Holy crap! What do you have - a 'house-a-door'?

And talk about connections! Must be good to be the king!

:english:


----------



## Bigfoot (Jun 25, 2007)

jitzy said:


> you wouldn't dare


I wouldn't? Really? obviously you don't know me!! hahahahahahahaha!

My humi is busting at the seams.....

Bigfoot


----------



## smokinj (Jan 16, 2008)

BIG FOOT= Cigar GOD


----------



## jitzy (Jan 7, 2007)

Bigfoot said:


> I wouldn't? Really? obviously you don't know me!! hahahahahahahaha!
> 
> My humi is busting at the seams.....
> 
> Bigfoot


you really have lost your mind but in a good way


----------



## chubzerous (Jun 9, 2007)

NICE! I will have to move to McKinney to be your Cigardner!


----------



## Bigfoot (Jun 25, 2007)

You know what, its time to take out target #1....assembly has begun, pics later!


----------



## Toasted Coastie (Feb 16, 2008)

Go get em!


----------



## dravensghost (Sep 21, 2007)

seriously dude your killing me

those are some of the prettiest smokes i have ever seen
well done


----------



## patefengreen (Sep 27, 2007)

chubzerous said:


> NICE! I will have to move to McKinney to be your Cigardner!

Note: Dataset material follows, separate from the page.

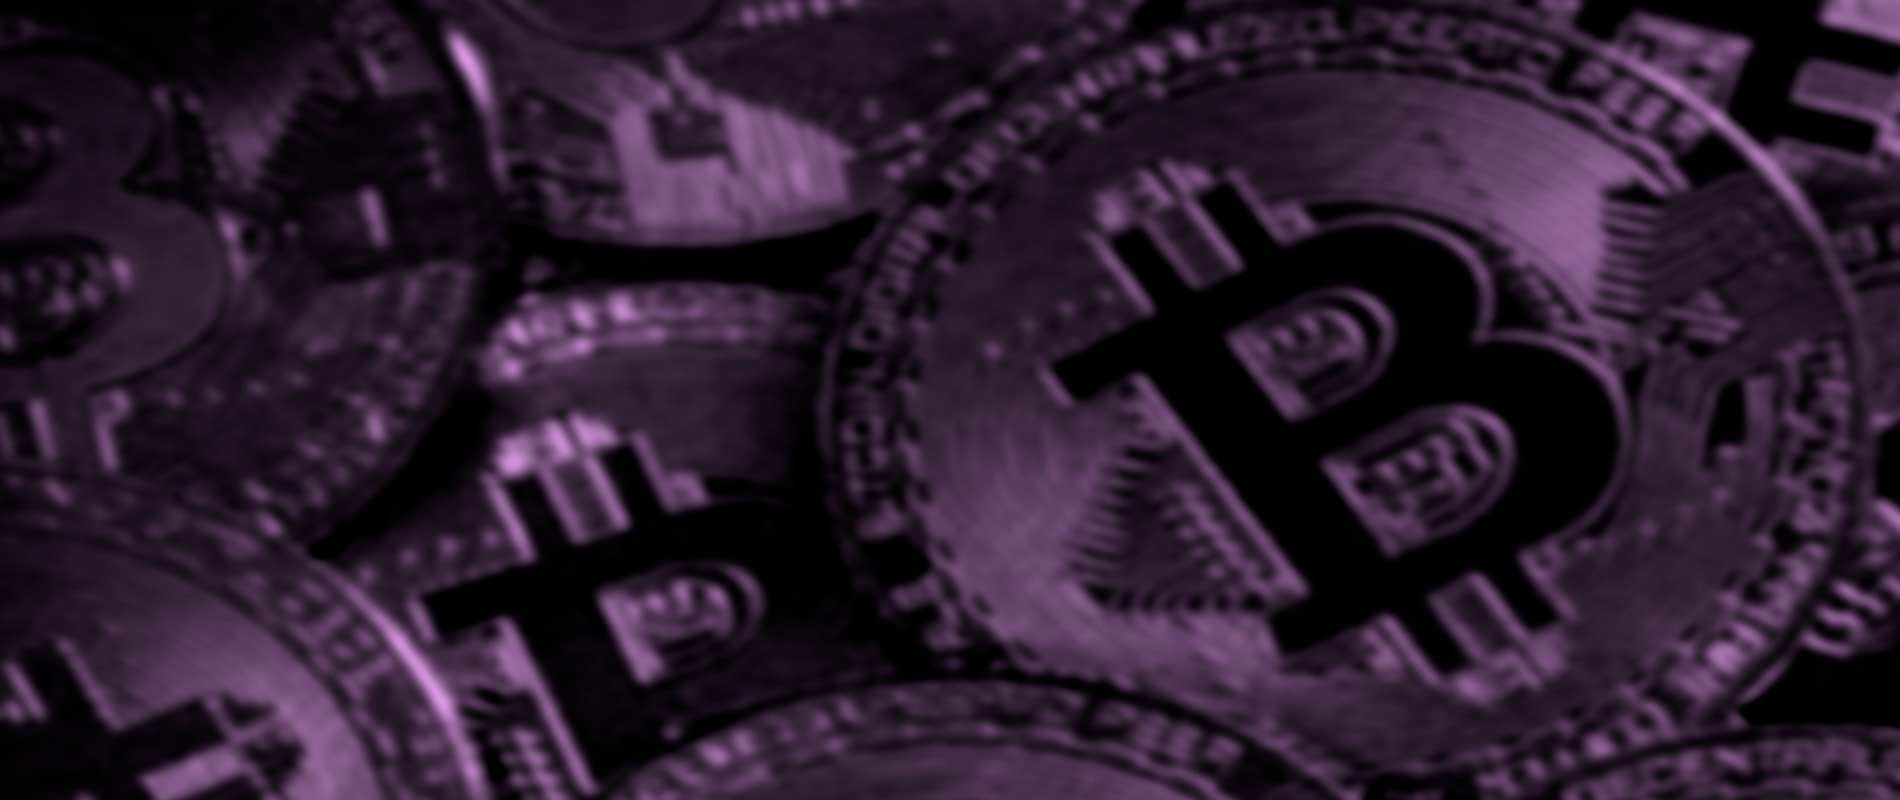 More bitcoin background

Cigardner! Now that's funny stuff!


----------



## Tha Criddler (Jul 26, 2007)

First time I had those they laid me out.
Second time they were Macanudo mild.


----------



## Brazilla-cl (Feb 20, 2008)

Thats my Buddy there. I tried to warn you guys but noooooooo!
You know what your doin'..........sure you do. Now you've let the monster out......you've opened the box.......you've broken the seal and life as we knew it will never be the same. I've seen this before, Bigfoot gone MAD! The streets will run red and the body parts will pile high. Oh sure, we can rebuild. We can try to regain the happy times we once had but,

it might take awhile.


----------



## Bigfoot (Jun 25, 2007)

Tha Criddler said:


> First time I had those They laid me out.
> Second time they were Macanudo mild.


Nick, your right, I had the same experience as well. I'm hoping with a little time they will be as good as they use to be, we shall see!


----------



## ER Doc (Feb 8, 2007)

Impressive, Brian. Another Bigfoot stampede!


----------



## Itsme-Speedy-G (Aug 20, 2007)

to say you have snapped would be an under statement


----------



## chip1922 (Jan 13, 2008)

You must have some great connections!!


----------



## Ecto1 (Jan 26, 2008)

Bigfoot is the Cigaranator.


----------



## sofaman (Jun 20, 2007)

What only a 25ct box, why not a Cab of 50???


----------



## Lighthouse (Sep 5, 2007)

Good grief Bigfoot, you're killing me!!!!:dribble::dribble:
I'm drooling worse than pops and I'm not even half his age!! :biggrin:


----------



## jam (Dec 29, 2007)

wow Thats insane you have more cubans then cuba


----------



## JonDot (Mar 7, 2008)

Bigfoot said:


> Nick, your right, I had the same experience as well. I'm hoping with a little time they will be as good as they use to be, we shall see!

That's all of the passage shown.